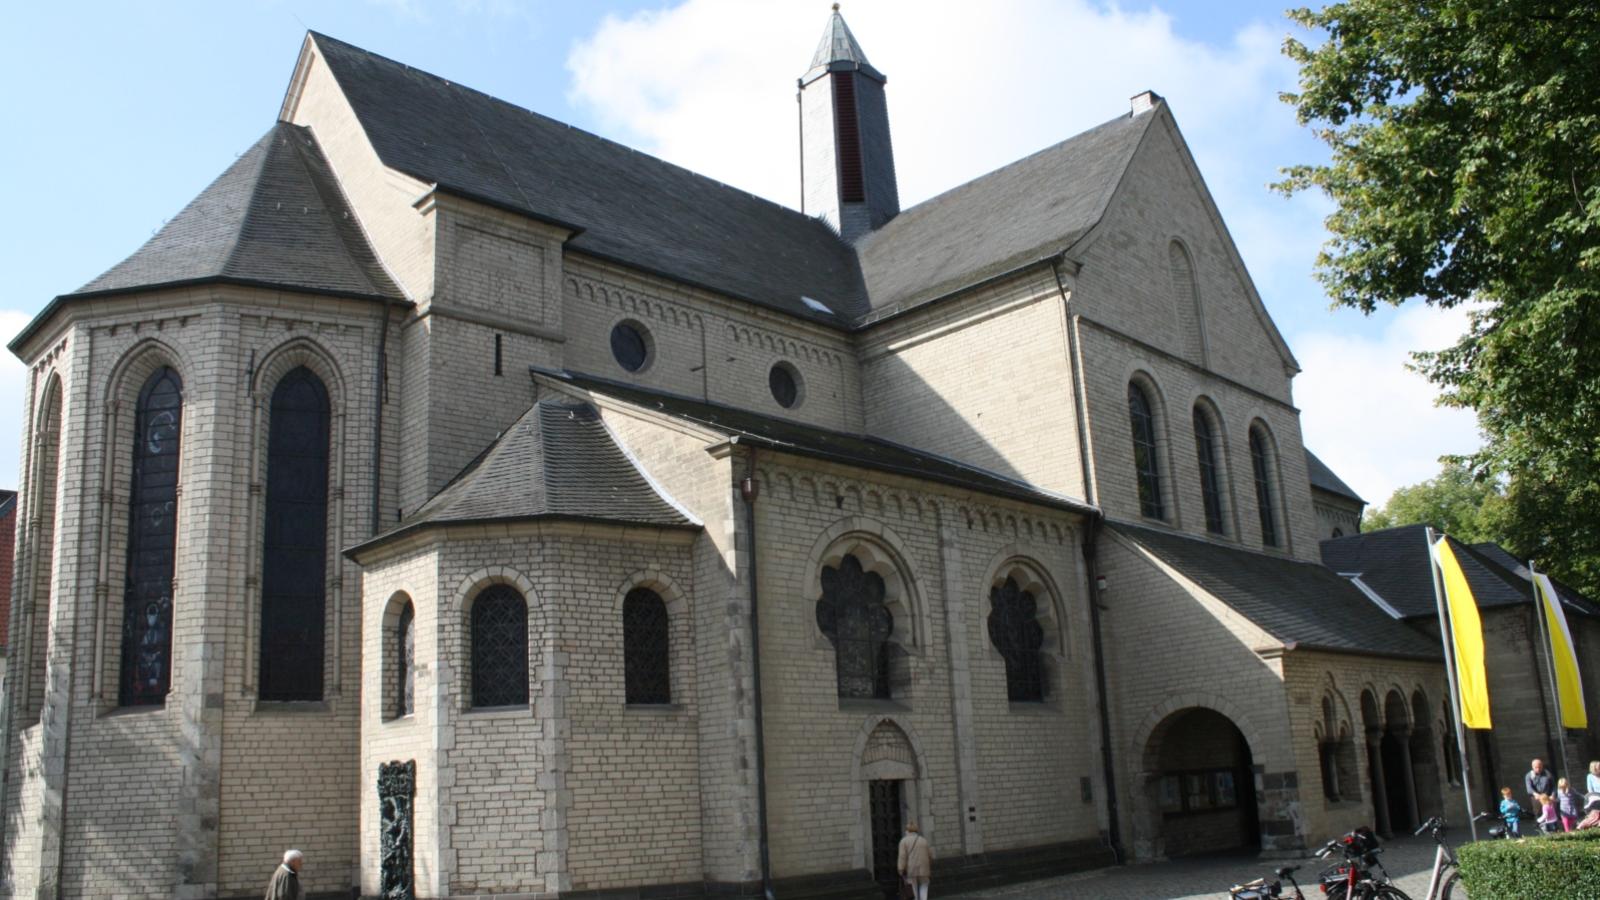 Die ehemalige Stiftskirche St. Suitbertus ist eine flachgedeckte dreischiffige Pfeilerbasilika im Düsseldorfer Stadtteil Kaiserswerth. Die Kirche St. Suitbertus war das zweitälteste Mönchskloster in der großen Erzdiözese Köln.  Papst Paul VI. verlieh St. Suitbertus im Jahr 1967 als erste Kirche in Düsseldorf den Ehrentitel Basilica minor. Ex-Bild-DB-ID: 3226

...

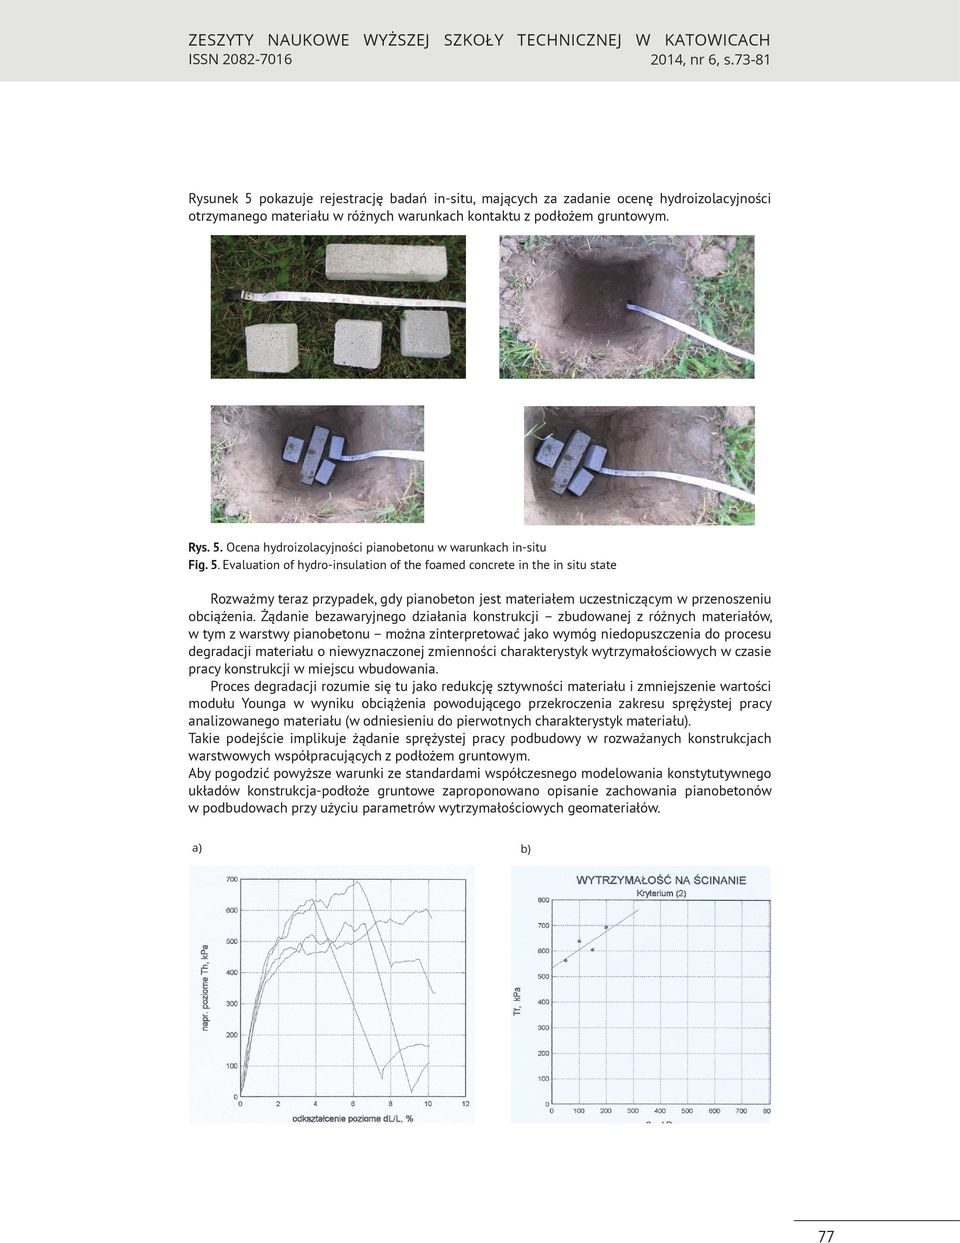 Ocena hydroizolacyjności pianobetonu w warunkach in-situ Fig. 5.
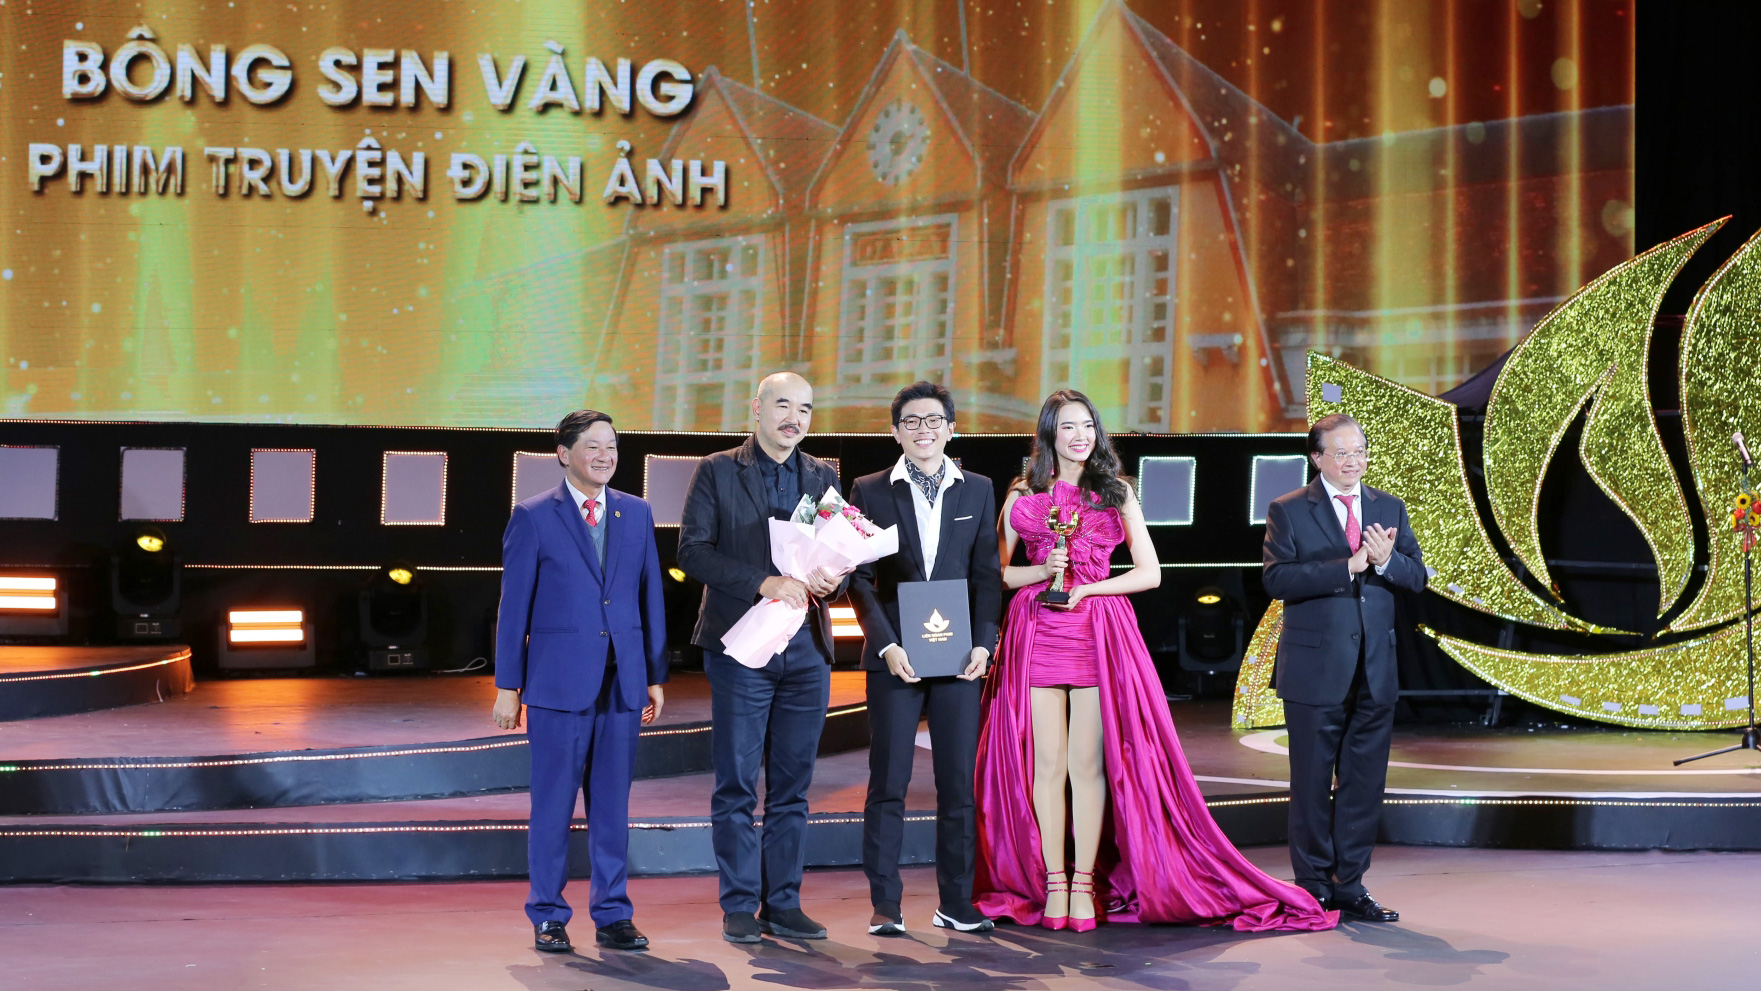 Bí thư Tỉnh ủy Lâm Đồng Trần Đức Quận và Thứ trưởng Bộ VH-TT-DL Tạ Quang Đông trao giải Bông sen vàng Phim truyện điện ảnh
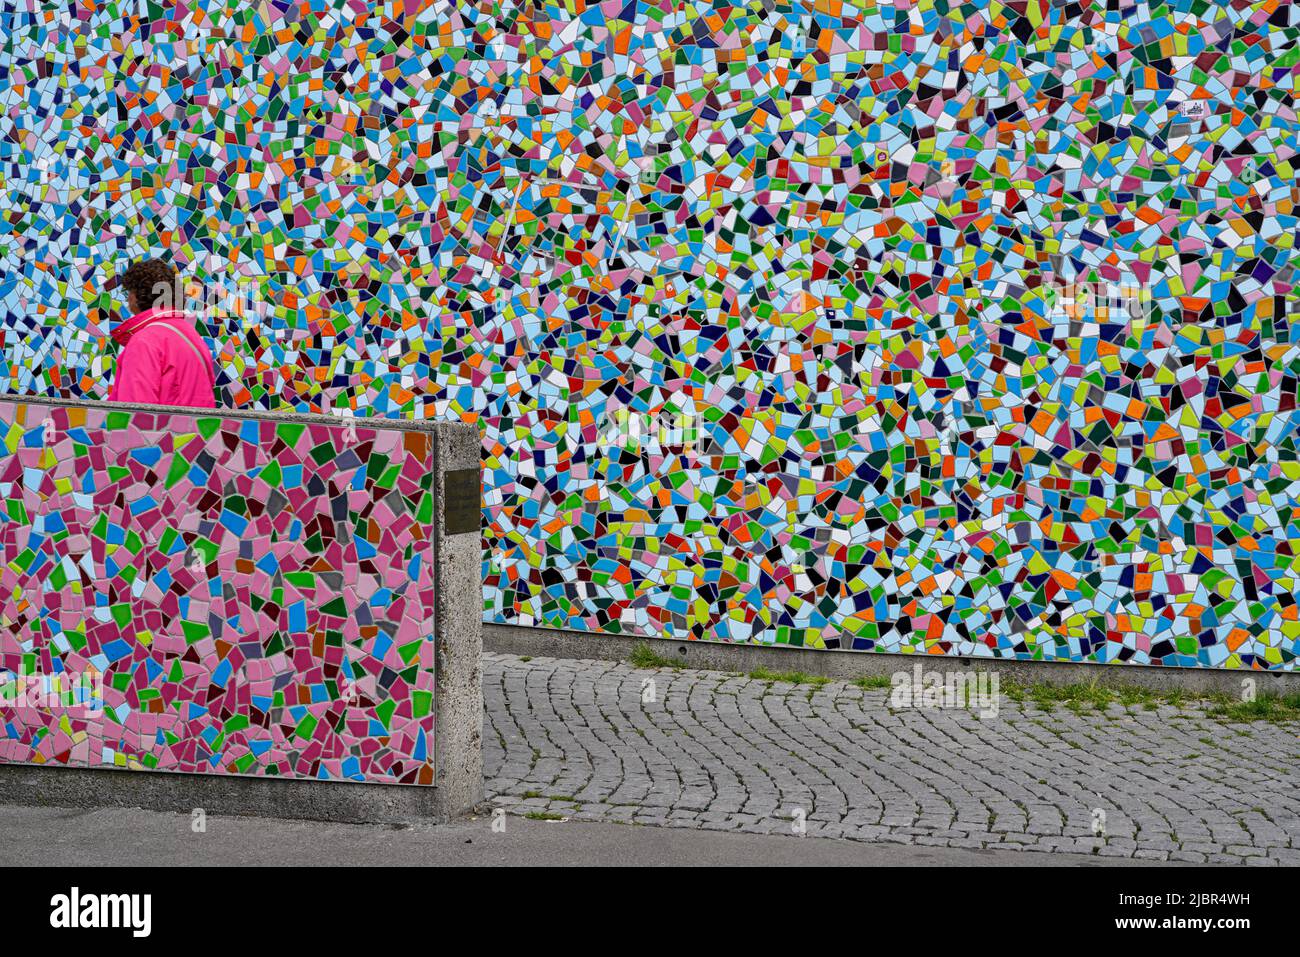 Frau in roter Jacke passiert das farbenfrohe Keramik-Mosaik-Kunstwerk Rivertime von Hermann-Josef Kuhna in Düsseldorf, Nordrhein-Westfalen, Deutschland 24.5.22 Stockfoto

**INSTRUCTIONS FOR THE TASK:**
Starting with the line that has "Ocena hydroizolacyjności pianobetonu" and ending with the line that has "Frau in roter", repeat the lines above exactly, omitting every picture.

**RESPONSE:**
 Ocena hydroizolacyjności pianobetonu w warunkach in-situ Fig. 5.
 Bí thư Tỉnh ủy Lâm Đồng Trần Đức Quận và Thứ trưởng Bộ VH-TT-DL Tạ Quang Đông trao giải Bông sen vàng Phim truyện điện ảnh
 Frau in roter Jacke passiert das farbenfrohe Keramik-Mosaik-Kunstwerk Rivertime von Hermann-Josef Kuhna in Düsseldorf, Nordrhein-Westfalen, Deutschland 24.5.22 Stockfoto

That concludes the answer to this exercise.